Dataset content:
········
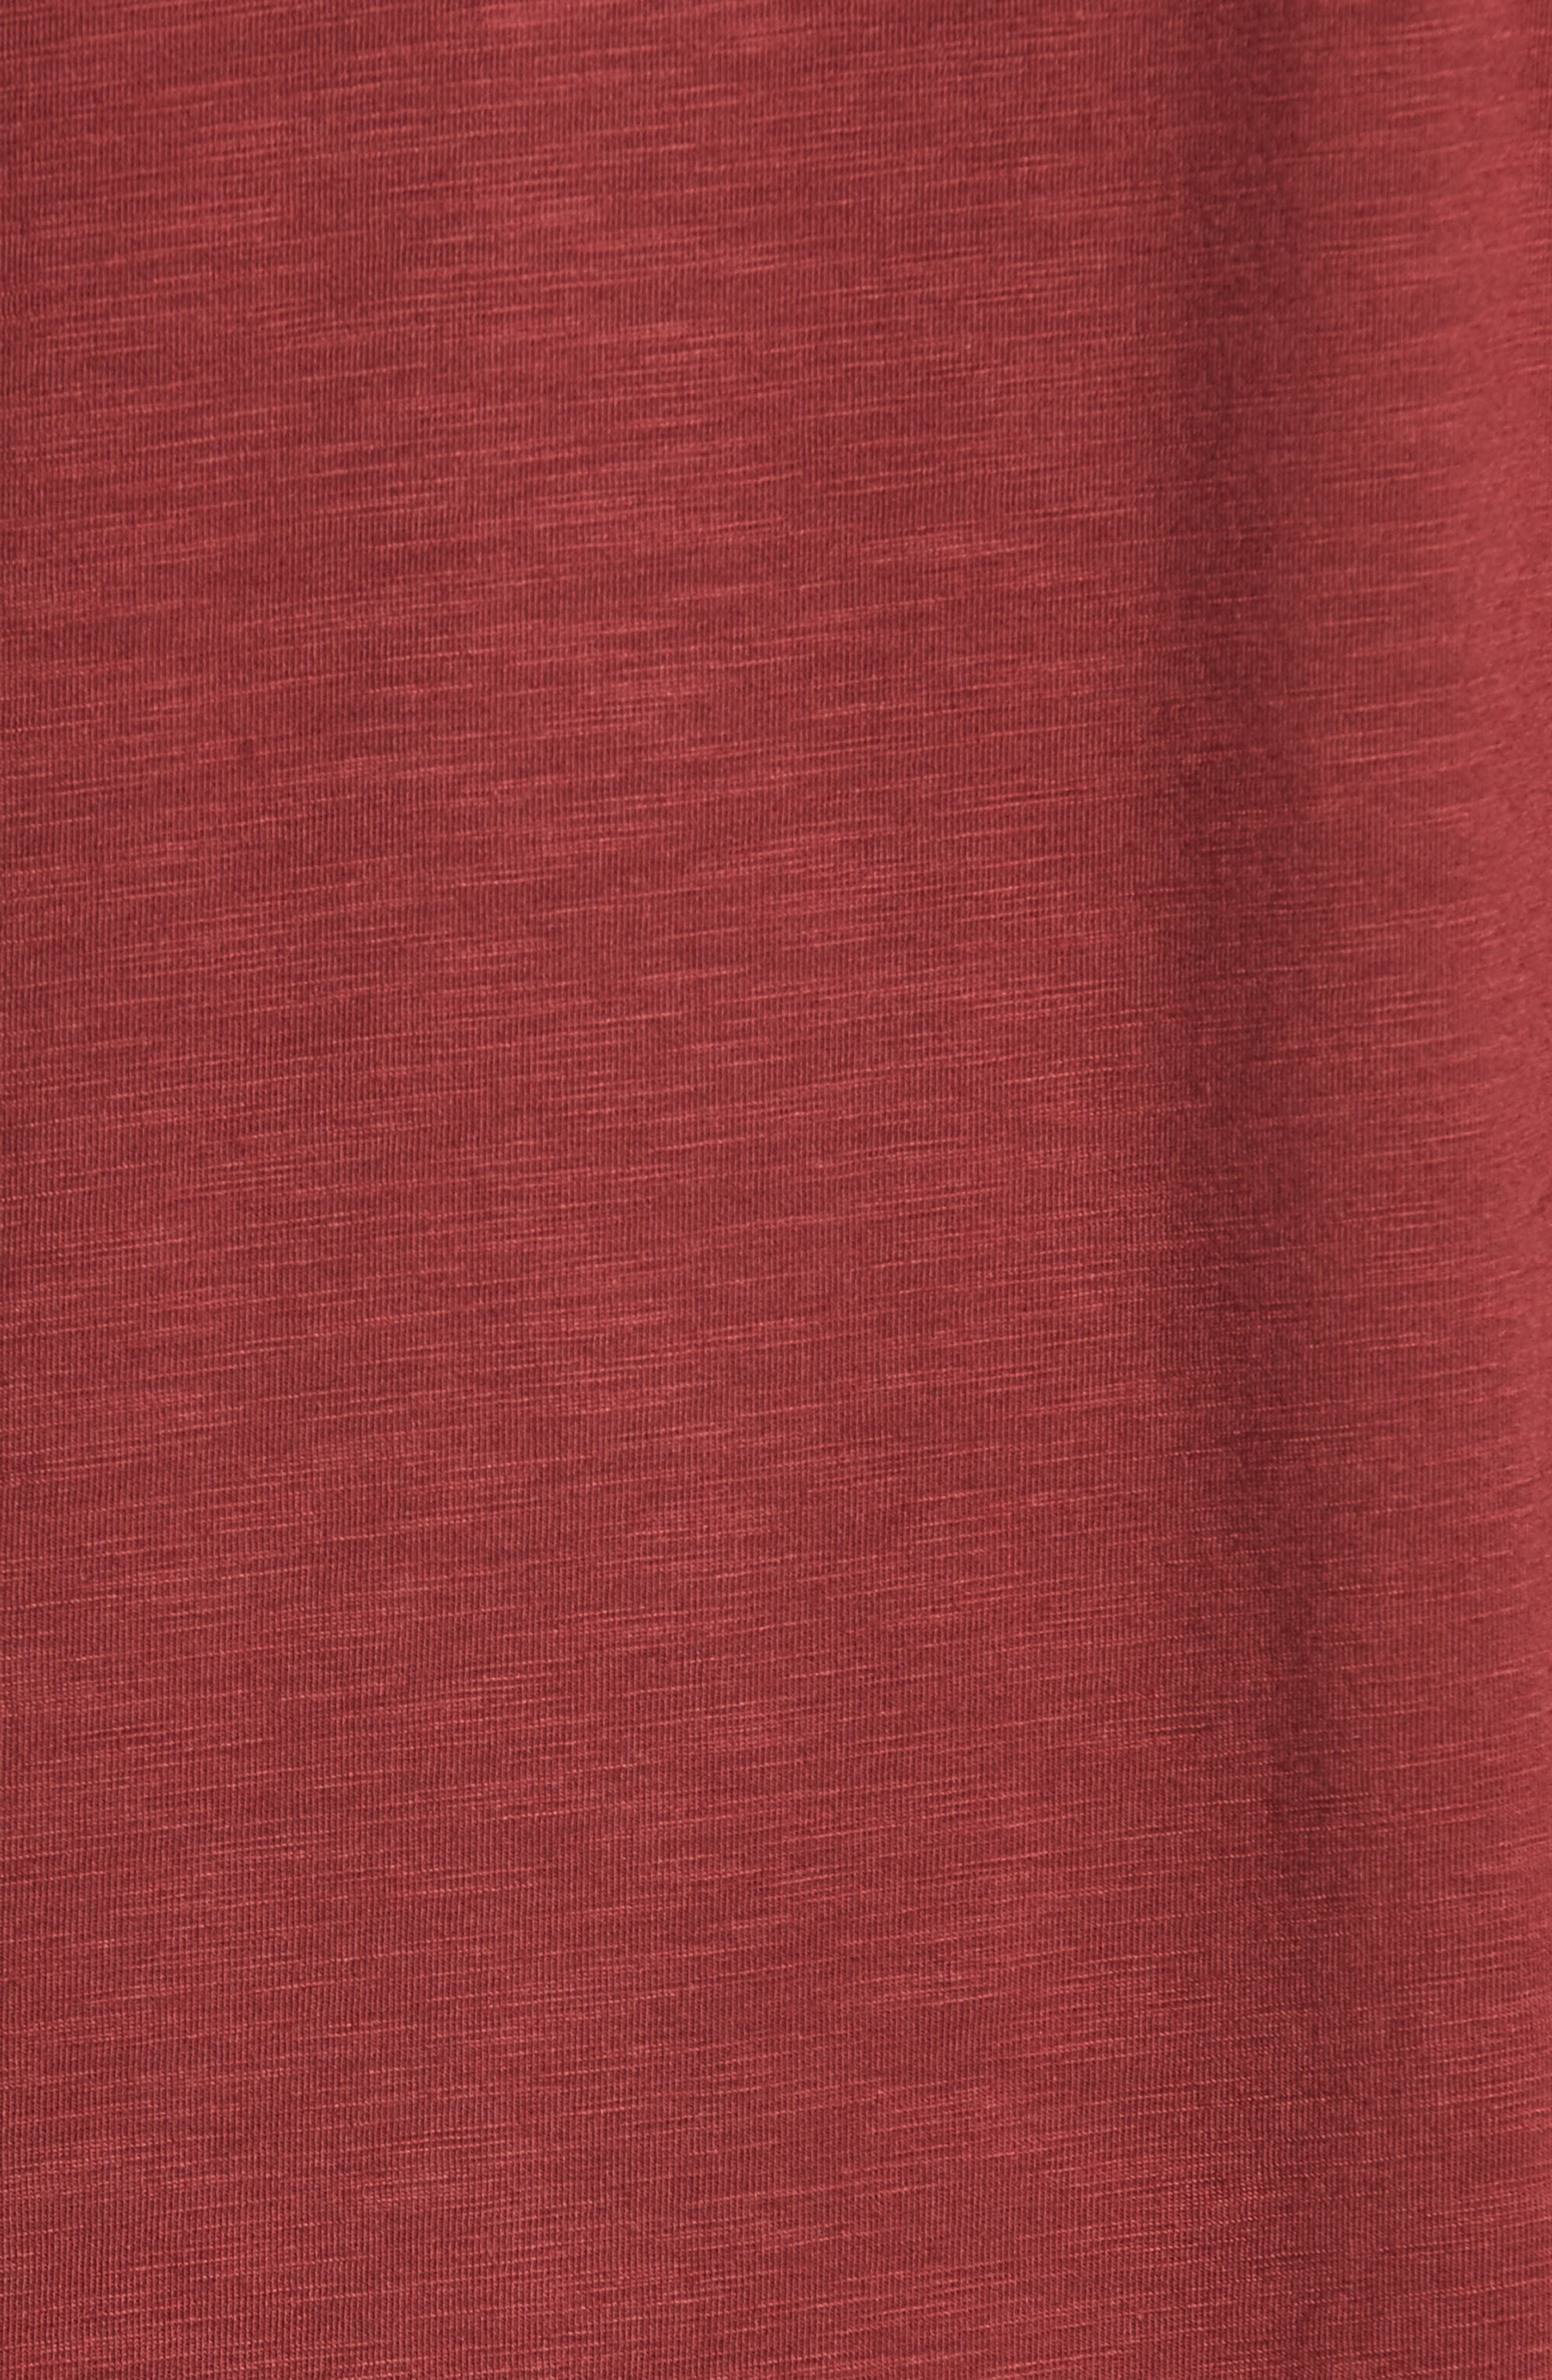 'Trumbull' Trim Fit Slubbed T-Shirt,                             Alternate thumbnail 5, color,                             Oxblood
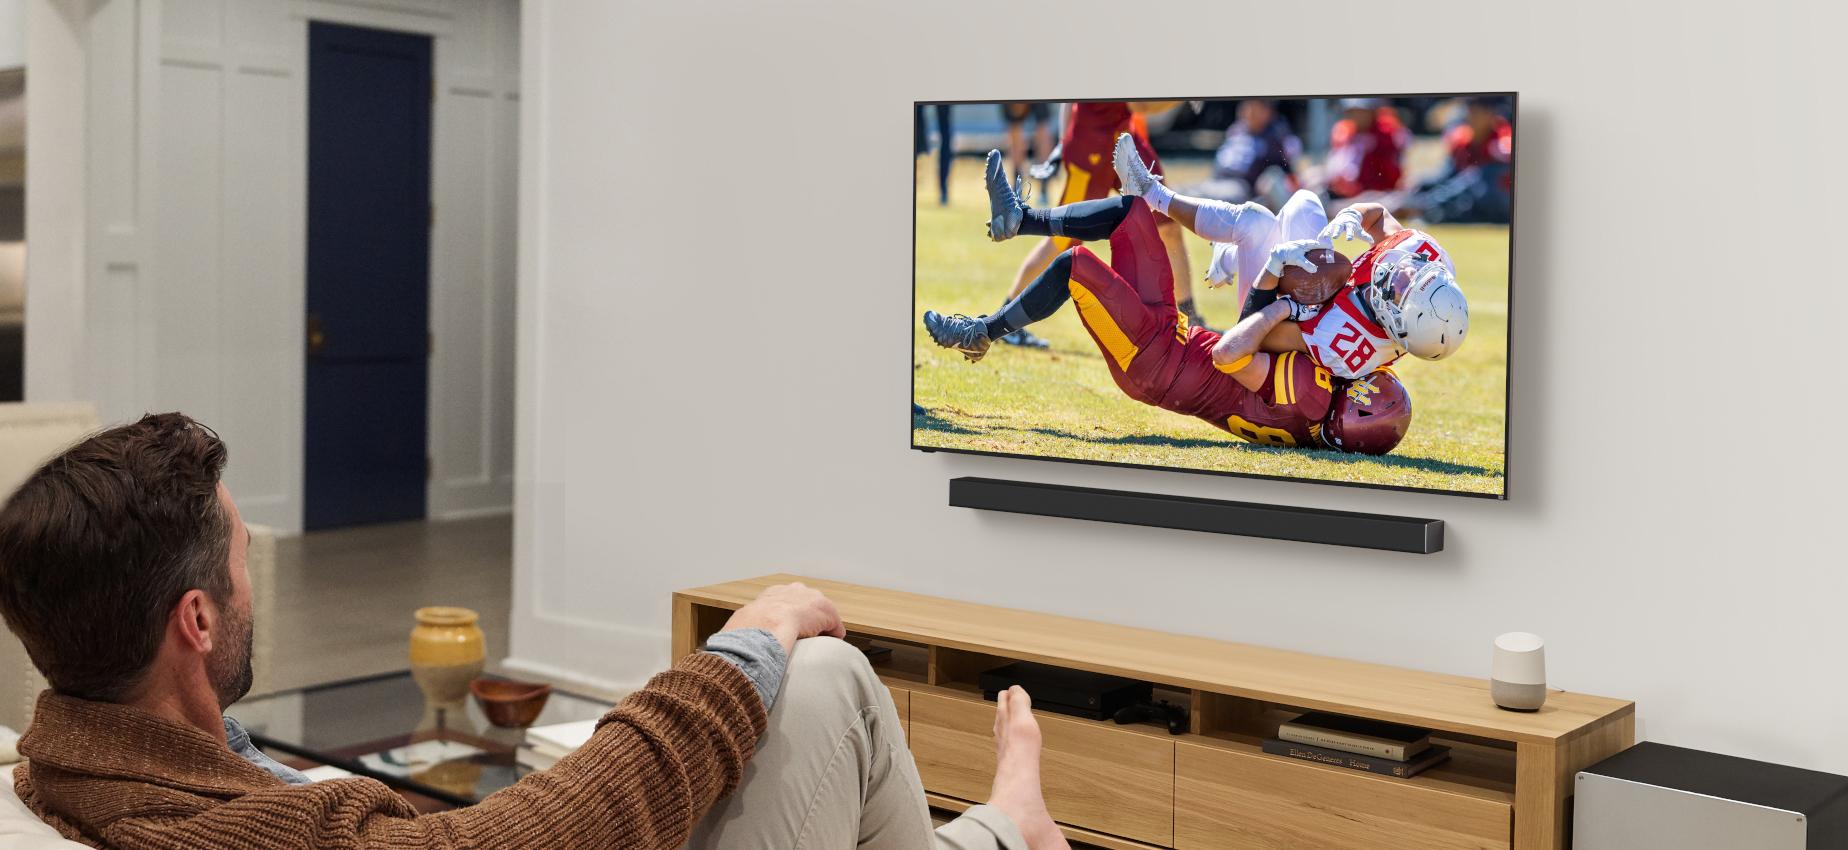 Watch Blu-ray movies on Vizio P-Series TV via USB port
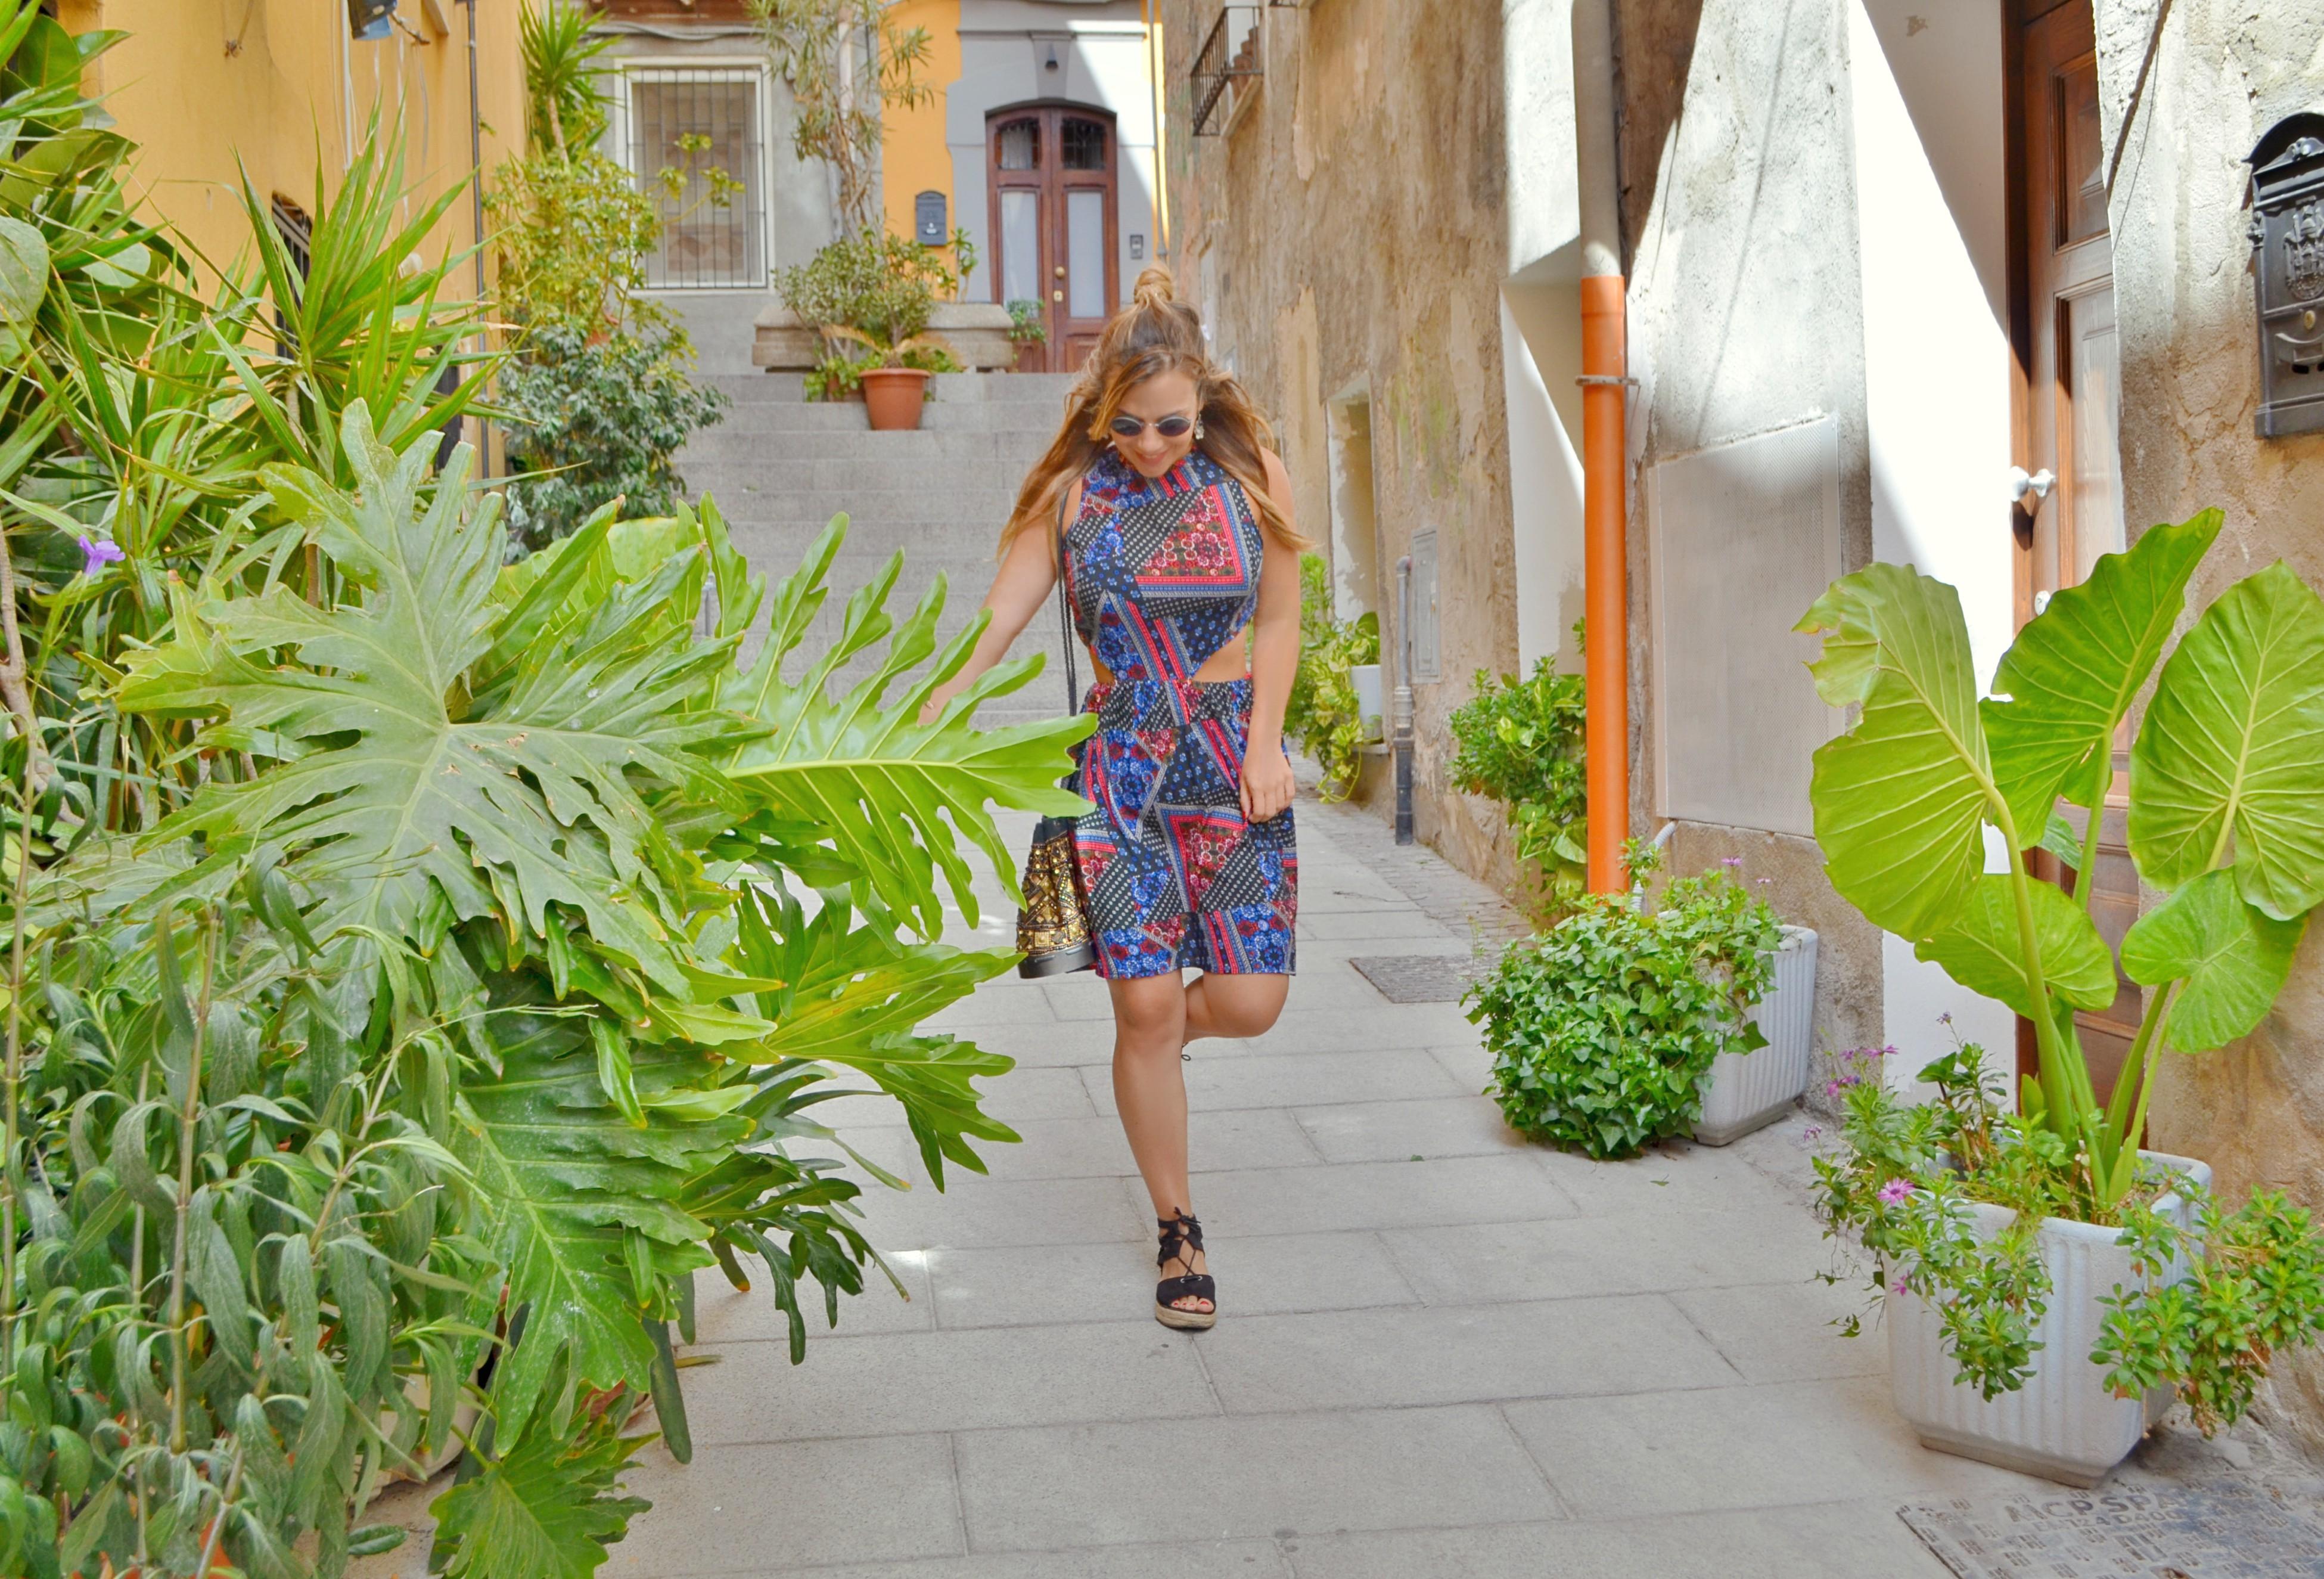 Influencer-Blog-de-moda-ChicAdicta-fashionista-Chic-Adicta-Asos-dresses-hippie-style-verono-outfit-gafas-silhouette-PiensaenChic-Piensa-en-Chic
········
Exercise details: Please transcribe the whole listing above exactly, with the images left out.

Response to this task:
 'Trumbull' Trim Fit Slubbed T-Shirt,                             Alternate thumbnail 5, color,                             Oxblood
 Watch Blu-ray movies on Vizio P-Series TV via USB port
 Influencer-Blog-de-moda-ChicAdicta-fashionista-Chic-Adicta-Asos-dresses-hippie-style-verono-outfit-gafas-silhouette-PiensaenChic-Piensa-en-Chic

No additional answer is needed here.